LOGGROUP="some-log-group"
TAIL=
starttime=$(date --date "-1 week" +%s)000
nexttime=$(date +%s)000
dumpstreams
if [ -n "$TAIL" ]; then
  while true; do
    starttime=$nexttime
    nexttime=$(date +%s)000
    sleep 1
    dumpstreams
  done
fi

That last part, if you set TAIL will continue to fetch log events and will report newer events as they come in (with some expected delay).最后一部分,如果您设置TAIL将继续获取日志事件,并会在更新的事件进来时报告(有一些预期的延迟)。

There is also a python project called awslogs , allowing to get the logs: https://github.com/jorgebastida/awslogs还有一个名为awslogs的 python 项目,允许获取日志: https : //github.com/jorgebastida/awslogs

There are things like:有这样的事情:

list log groups:列出日志组:

$ awslogs groups

list streams for given log group:列出给定日志组的流:

$ awslogs streams /var/log/syslog

get the log records from all streams:从所有流中获取日志记录:

$ awslogs get /var/log/syslog

get the log records from specific stream :从特定流中获取日志记录:

$ awslogs get /var/log/syslog stream_A

and much more (filtering for time period, watching log streams...还有更多(过滤时间段,查看日志流......

I think, this tool might help you to do what you want.我认为,这个工具可能会帮助你做你想做的事。
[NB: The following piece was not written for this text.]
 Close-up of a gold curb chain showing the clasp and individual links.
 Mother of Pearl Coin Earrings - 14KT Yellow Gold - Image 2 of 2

It seems AWS has added the ability to export an entire log group to S3. AWS 似乎增加了将整个日志组导出到 S3 的功能。

导出到 S3 菜单

导出到 S3 表单

You'll need to setup permissions on the S3 bucket to allow cloudwatch to write to the bucket by adding the following to your bucket policy, replacing the region with your region and the bucket name with your bucket name.您需要在 S3 存储桶上设置权限以允许 cloudwatch 通过将以下内容添加到存储桶策略中写入存储桶,将区域替换为您的区域,将存储桶名称替换为您的存储桶名称。

    {
        "Effect": "Allow",
        "Principal": {
            "Service": "logs.us-east-1.amazonaws.com"
        },
        "Action": "s3:GetBucketAcl",
        "Resource": "arn:aws:s3:::tsf-log-data"
    },
    {
        "Effect": "Allow",
        "Principal": {
            "Service": "logs.us-east-1.amazonaws.com"
        },
        "Action": "s3:PutObject",
        "Resource": "arn:aws:s3:::tsf-log-data/*",
        "Condition": {
            "StringEquals": {
                "s3:x-amz-acl": "bucket-owner-full-control"
            }
        }
    }

Details can be found in Step 2 of this AWS doc详细信息可以在此 AWS 文档的第 2 步中找到

I would add that one liner to get all logs for a stream :我会添加一个班轮来获取流的所有日志:

aws logs get-log-events --log-group-name my-log-group --log-stream-name my-log-stream | grep '"message":' | awk -F '"' '{ print $(NF-1) }' > my-log-group_my-log-stream.txt

Or in a slightly more readable format :或者以更易读的格式:

aws logs get-log-events \
    --log-group-name my-log-group\
    --log-stream-name my-log-stream \
    | grep '"message":' \
    | awk -F '"' '{ print $(NF-1) }' \
    > my-log-group_my-log-stream.txt

And you can make a handy script out of it that is admittedly less powerful than @Guss's but simple enough.你可以用它制作一个方便的脚本,虽然它不如@Guss 的强大,但足够简单。 I saved it as getLogs.sh and invoke it with ./getLogs.sh log-group log-stream我将它保存为getLogs.sh并使用./getLogs.sh log-group log-stream调用它

#!/bin/bash

if [[ "${#}" != 2 ]]
then
    echo "This script requires two arguments!"
    echo
    echo "Usage :"
    echo "${0} <log-group-name> <log-stream-name>"
    echo
    echo "Example :"
    echo "${0} my-log-group my-log-stream"

    exit 1
fi

OUTPUT_FILE="${1}_${2}.log"
aws logs get-log-events \
    --log-group-name "${1}"\
    --log-stream-name "${2}" \
    | grep '"message":' \
    | awk -F '"' '{ print $(NF-1) }' \
    > "${OUTPUT_FILE}"

echo "Logs stored in ${OUTPUT_FILE}"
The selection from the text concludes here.